To tackle the inference time scaling challenge (get better results with more calculations), researchers run GRM multiple times on the same input, generating different principles and critiques. The final reward is determined by voting (aggregating sample scores). This allows the model to consider a broader perspective and provides more resources, leading to potentially more accurate and subtle final decisions.
However, some of the generated principles/criticisms may have poor quality or bias due to model limitations or randomness. To address this, researchers introduced “meta” RM” – Separate lightweight scalar RMs trained specifically to predict whether the principle/criticism generated by the primary GRM could lead to the correct final reward.
During inference, metaRM evaluates the generated samples and filters low-quality judgments before the final vote, further enhancing scaling performance.
Practice SPCT with deepseek-grm
The researchers applied SPCT to Google’s openweight model Gemma-2-27B to create the DeepSeek-GRM-27B. We evaluated against several strong baseline RMSs (including LLM-AA-Judge, Scalar RMS, and Semi-Scalar RMS, Semi-Scalar RMS) and public models (e.g. GPT-4-340B-REWARD).
They found that DeepSeek-GRM-27B outweighed baseline methods trained with the same data. SPCT has significantly improved quality and, crucially, significantly improved inference time scalability compared to standard fine-tuning.

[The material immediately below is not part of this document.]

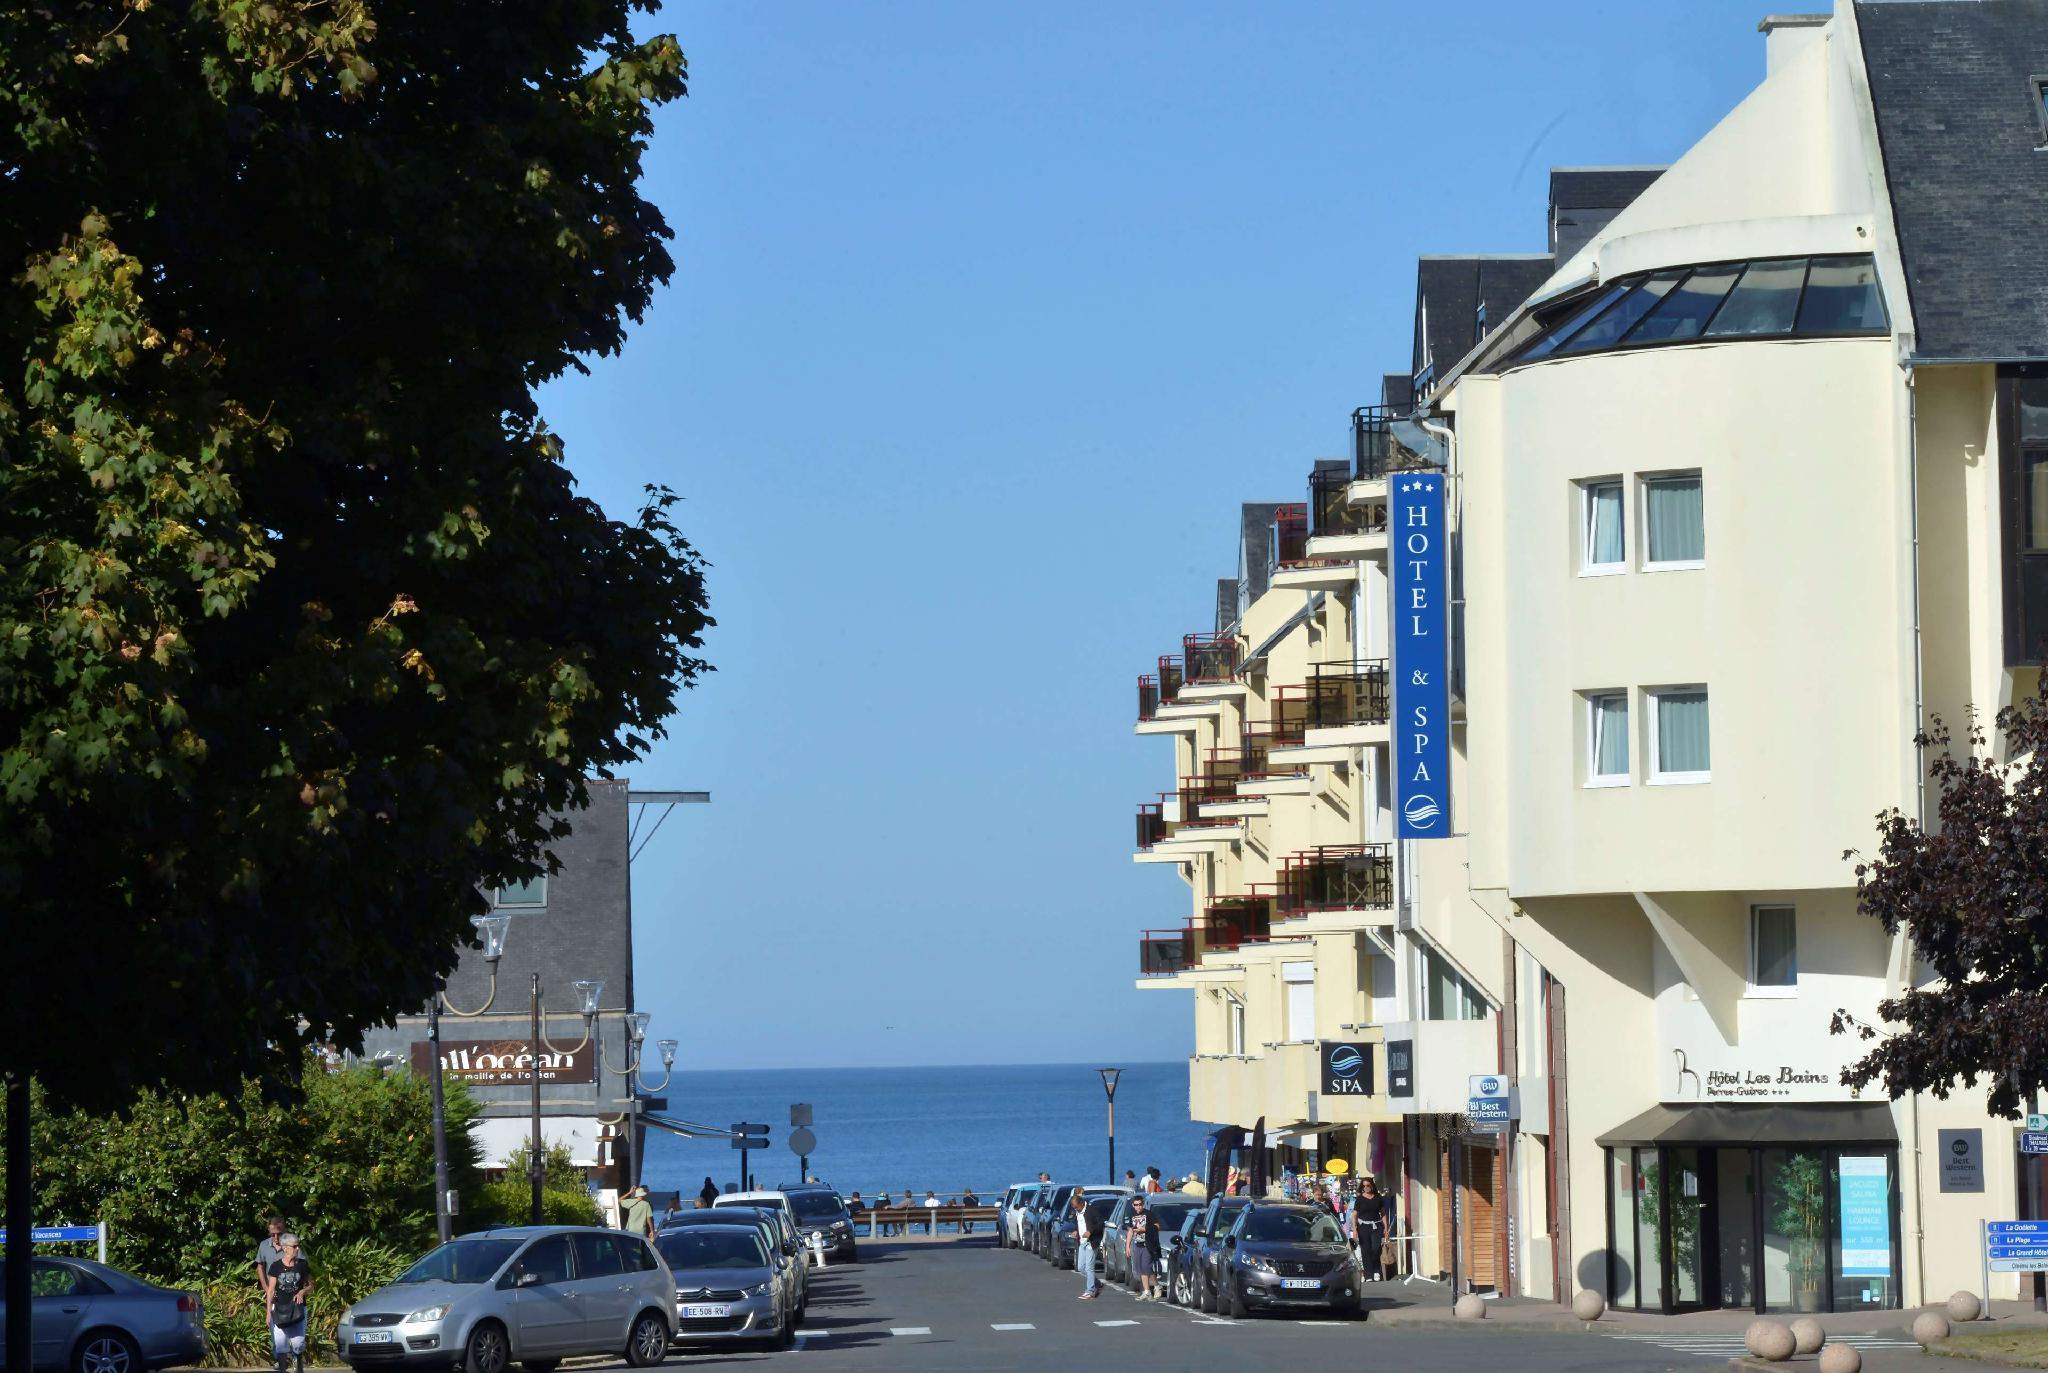 Best Western Les Bains De Perros Guirec Hotel Et Spa

Generating more samples and scaling to inference time significantly improves the performance of the DeepSeek-GRM-27B, outperforming much larger models such as the Nemotron-4-340B-Reward and GPT-4O. MetaRM achieved the best results by further improving scaling and filtering judgments.
“With large-scale sampling, DeepSeek-GRM allows for more accurate judgment of the rewards of outputs with more diversity principles and finer granularity,” the researchers write.
Interestingly, SPCT showed less bias in different domains compared to scalar RMS. This often works well for verifiable tasks, but elsewhere it is not enough.
Impact on companies
Developing more generalist and scalable reward models is promising for enterprise AI applications. Potential areas that can benefit from Generalist RMS include creative tasks and applications that require models to adapt to dynamic environments such as customer preferences as they evolve.
Despite strong results, DeepSeek-GRM lags behind a scalar RMS specialised in purely verifiable tasks where explicit inference generation may be less efficient than direct scoring. Efficiency remains a challenge compared to non-generated RMS.
The DeepSeek team suggests that future work will focus on improving efficiency and deeper integration. As they conclude, “future directions include integrating GRMS into an online RL pipeline into a multi-purpose interface of reward systems and investigating the co-scaling of inference times with policy models, or as a robust offline evaluator of the underlying model.”